Elicit a structured clinical history from a patient presenting with nasal obstruction, identifying the pattern, laterality, and associated symptoms
Describe the anatomical and pathophysiological mechanisms underlying the major causes of nasal obstruction
Demonstrate the examination technique for anterior rhinoscopy and interpret findings relevant to the common aetiologies
Choose appropriate investigations — anterior rhinoscopy, nasal endoscopy, CT PNS, allergy testing — and justify the choice based on clinical context
Describe the principles of management for structural, inflammatory, and neoplastic causes of nasal obstruction, distinguishing medical from surgical indications
Identify red-flag features that require urgent specialist referral

INSTRUCTIONS

Nasal obstruction is among the most common ENT complaints presenting to both primary care and specialist outpatient departments in India. It ranges from a trivial self-limiting mucosal swelling to a sign of nasopharyngeal malignancy. The competency EN4.21 requires you to elicit a correct history, select appropriate investigations, and describe principles of management — this module builds the clinical reasoning scaffold that connects a patient's symptom to the correct aetiological diagnosis and the right management pathway.

References

Dhingra PL, Dhingra S. Diseases of Ear, Nose and Throat & Head and Neck Surgery. 8th ed. Chapter on Nasal Obstruction and DNS (textbook)
Hazarika P, Nayak DR, Balakrishnan R. Textbook of Ear, Nose and Throat — Head and Neck Surgery. Chapter on Nasal Obstruction (textbook)
Scott-Brown's Otorhinolaryngology, Head and Neck Surgery. 8th ed. Vol 2: Rhinology section (textbook)

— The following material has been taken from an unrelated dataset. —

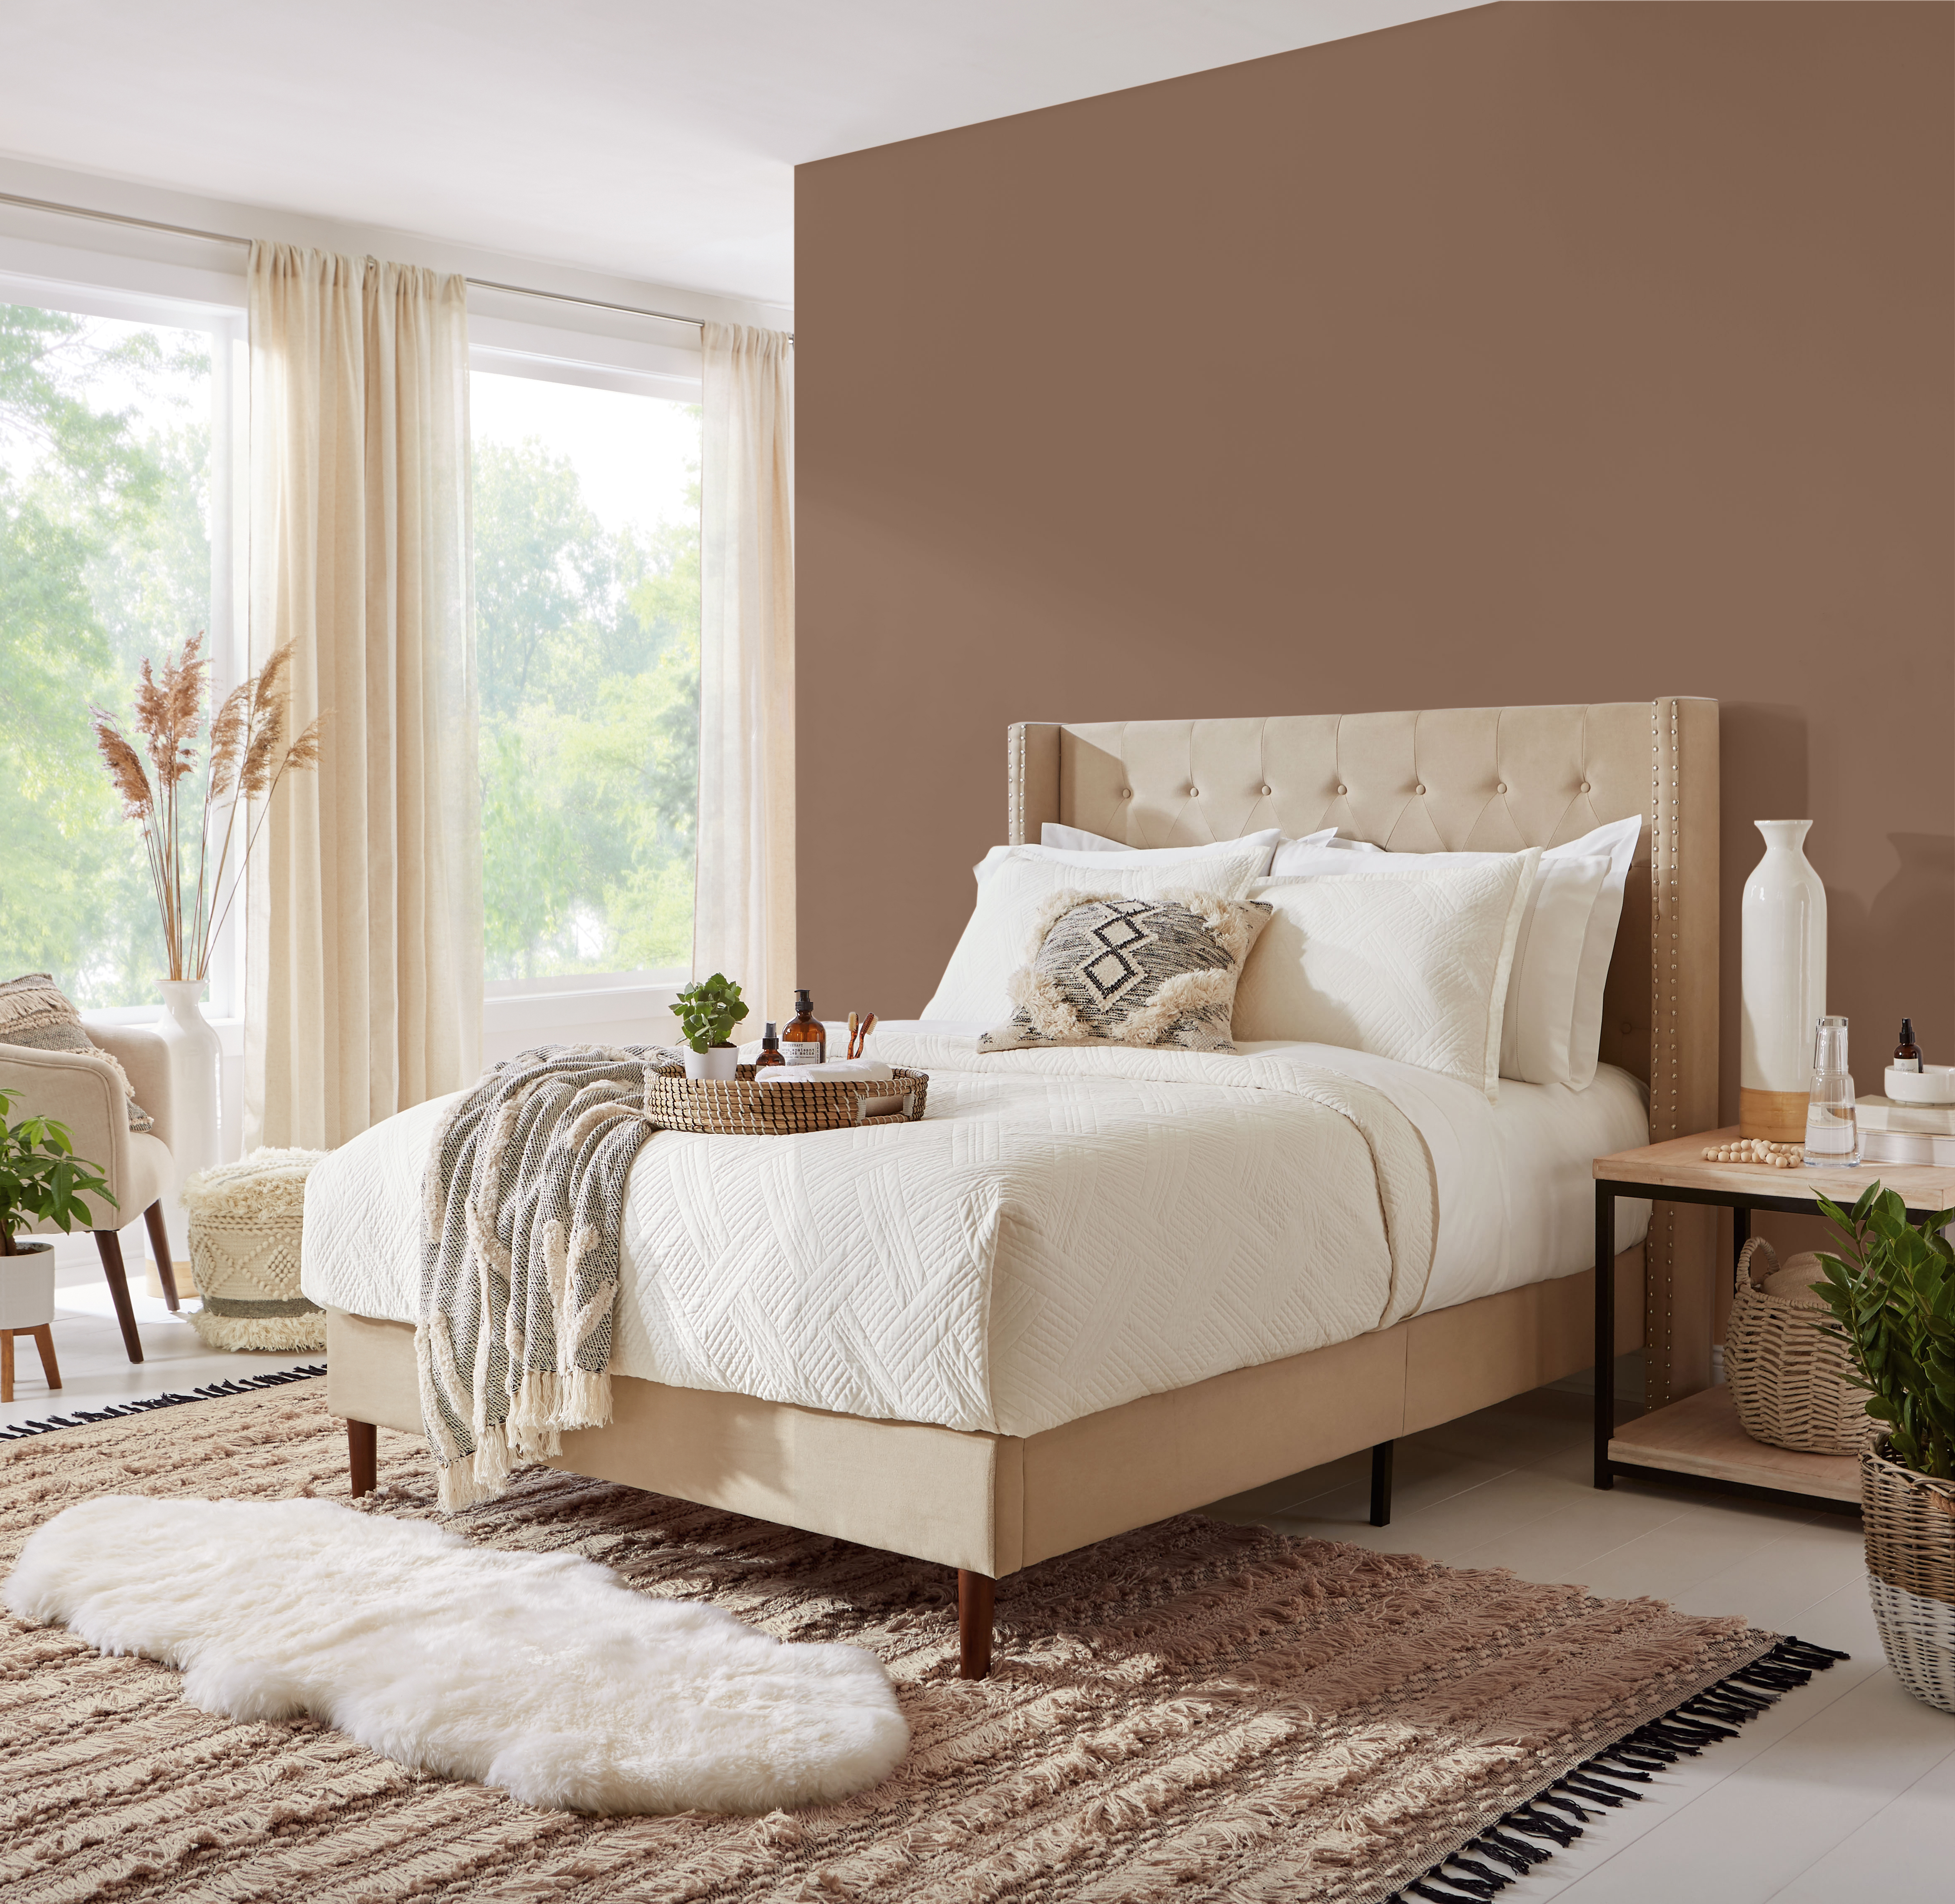 Une chambre contemporaine/boho avec de grandes fenêtres. On y retrouve un lit confortable avec une literie blanche toute simple. Le mur est peint en un brun foncé appelé Mustang sauvage.

Version 2.0 | NMC CBUC 2024

CLINICAL SCENARIO

A 32-year-old software engineer presents to your ENT OPD with a 3-year history of progressive difficulty breathing through the left nostril. He sleeps with his mouth open, snores loudly, and his wife reports brief pauses in his breathing at night. He has tried saline nasal sprays with no improvement. On anterior rhinoscopy, you see the nasal septum clearly deviated to the left, with the inferior turbinate on the right appearing hypertrophied to compensate. There are no polyps, no discharge, no bleeding. The right nasal airway looks clear. The left side is nearly completely occluded by the deviated septum. What do you do next? What tests will confirm your clinical impression, and at what point is a medical trial no longer appropriate?

WHY THIS MATTERS

Nasal obstruction is one of the three or four most common reasons patients attend an ENT clinic in India, and it is also a symptom encountered daily at primary health centres, general practice settings, and emergency departments. Its causes span from benign — allergic rhinitis, a simple DNS, adenoid hypertrophy in a child — to serious and occasionally life-threatening conditions such as nasopharyngeal angiofibroma in adolescent males or malignancy in older patients. The clinical cost of missing a red-flag cause of nasal obstruction is high. Equally, the burden of undertreated nasal obstruction is large: chronic mouth breathing in children impairs facial development, disrupts sleep, reduces academic performance, and predisposes to recurrent upper respiratory infections. As a final-year MBBS student at the SH (supervised/history-taking) level, EN4.21 requires you to take a complete and correct history, select the right investigation, and describe management principles — this is foundational clinical ENT that you will use in every posting and in general practice.

RECALL

Before proceeding, recall from your anatomy (AN) sessions the structure of the nasal cavity. The paired nasal passages are separated by the nasal septum, composed anteriorly of the quadrilateral cartilage and posteriorly of the perpendicular plate of the ethmoid and the vomer. Projecting from the lateral wall of each nasal cavity are three paired bony scrolls — the inferior turbinate (a separate bone, the largest), middle turbinate, and superior turbinate (both parts of the ethmoid). The space below each turbinate is called its corresponding meatus — the inferior meatus receives the nasolacrimal duct; the middle meatus contains the ostiomeatal complex (OMC), the drainage pathway for the maxillary, frontal, and anterior ethmoid sinuses. From physiology (PY), recall the nasal cycle: a physiological alternating congestion and decongestion of the two nasal passages every 2–6 hours, mediated by autonomic innervation of the submucosal vascular sinusoids of the inferior turbinate. This cycle means that partial nasal obstruction on one side is normal — it is only pathological when obstruction becomes persistent, bilateral, or severe enough to impair breathing.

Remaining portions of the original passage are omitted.